Each of the factors above is measurable and trackable and highly treatable, with or without an MTHFR mutation. Each of those factors can be worked on independently, but also any step toward a healthier lifestyle is going to help in many of those areas.
For example, balancing your methylation (which for us MTHFR folks usually means either taking a good form of folate or if we don’t tolerate folate, then finding a good work-around) will help to raise folate levels, lower homocysteine, and reduce both inflammation and oxidative stress. So one change is influencing four big contributing factors to depression. Does that mean balancing your methylation is going to fix your depression completely? Not necessarily, but it does get us closer to the goal and also improve your chances of responding better to other therapeutic interventions as well.
So from this list, we have a number of natural treatments for depression:
- Folate, high folate diet, and anything that will help you to balance your methylation
- Any kind of sleep therapy
- Lower glycemic index diet for blood sugars
- Reducing inflammatory foods
- Antioxidants – especially the ones that cross the blood-brain barrier
- Anything that will help you balance your hormones
- Any anti-inflammatory
Every one of those is a book in and of itself, but seriously that is a lot of options to try, and all of them will lead to greater health regardless.
There are also two special factors that we haven’t talked about yet. One pertains more strongly to MTHFR folks, and the other is just a human-nature problem.

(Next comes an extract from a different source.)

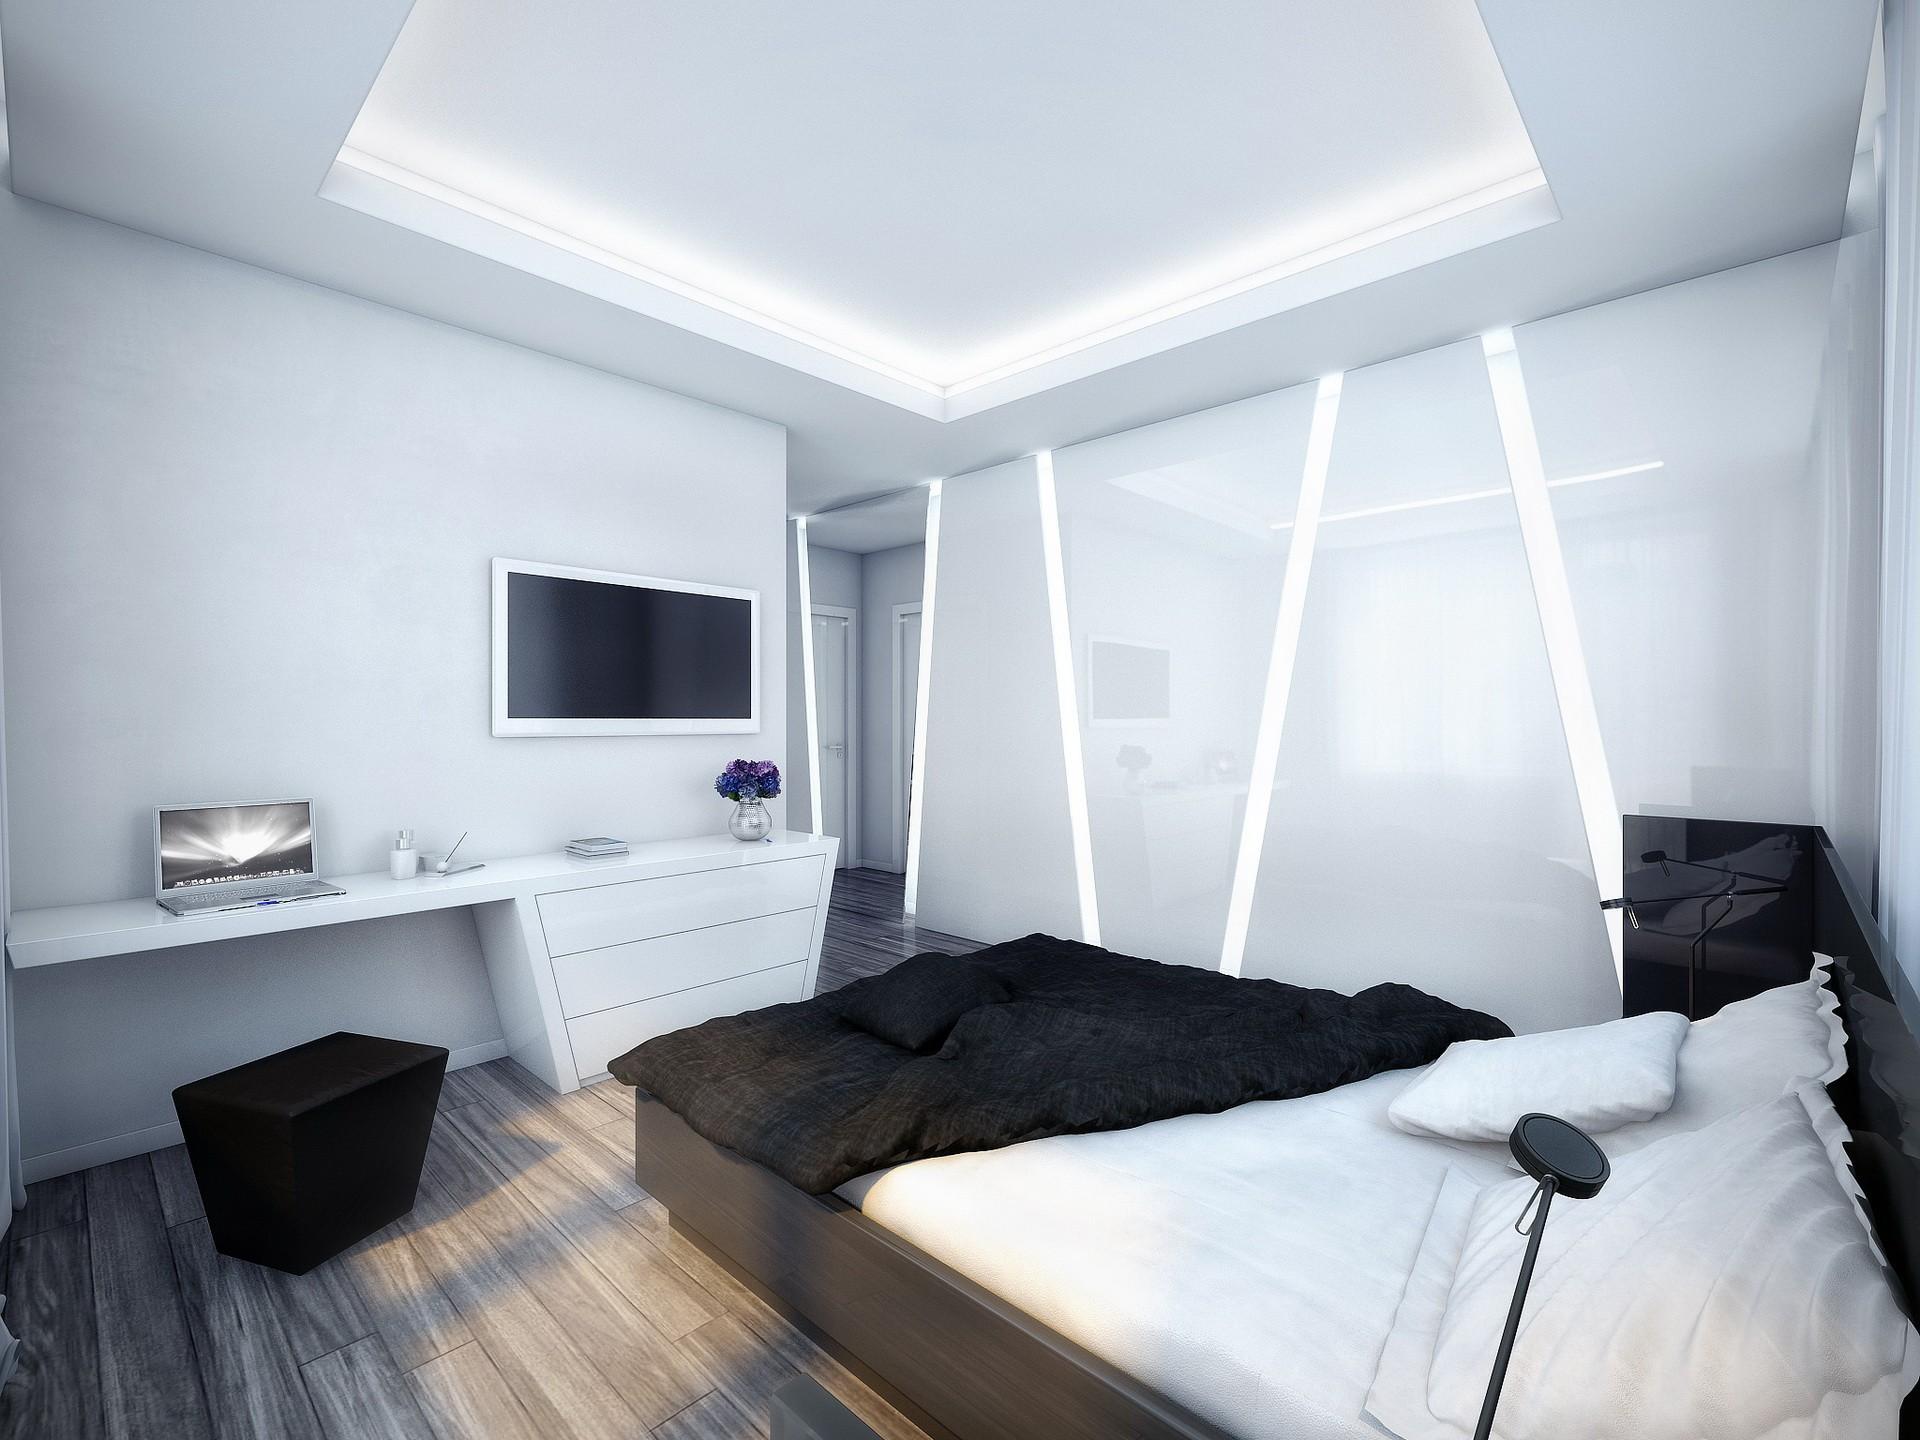 спальня 8 кв м дизайн идеи

- Childhood Trauma – A significant portion of depression in adults stems from childhood trauma, and unfortunately, people with the MTHFR mutations may be more susceptible to life-long depressive tendencies from childhood traumas than average. This is fixable, but it will take some work. This could be self-guided help through spiritual seeking, prayer, meditation, and self-healing techniques. It could also be professional help in the form of therapy, hypnosis, EMDR, or a myriad of other options.
- Habit – This conversation is really neglected and so next week’s topic is going to be about expanding the habit idea and giving you some life hacks that you can start to practice at home, but any mental state, no matter what else contributes to it, has the potential for a habit component. This could be depression, anxiety, obsessive thoughts, intrusive thoughts, whatever. And sometimes you have to train yourself to break the habit in the same way that you would with any other bad habit.
I feel like all of this could appear daunting, but if you look at it another way, it also opens up so many opportunities for healing that are often overlooked. It can be incredibly discouraging when your doctor runs out of options for depression, but chances are they haven’t even scratched the surface of this list. Typically doctors look at sleep, blood sugar, and neurotransmitters in terms of depression. You now have the opportunity to dive deeper.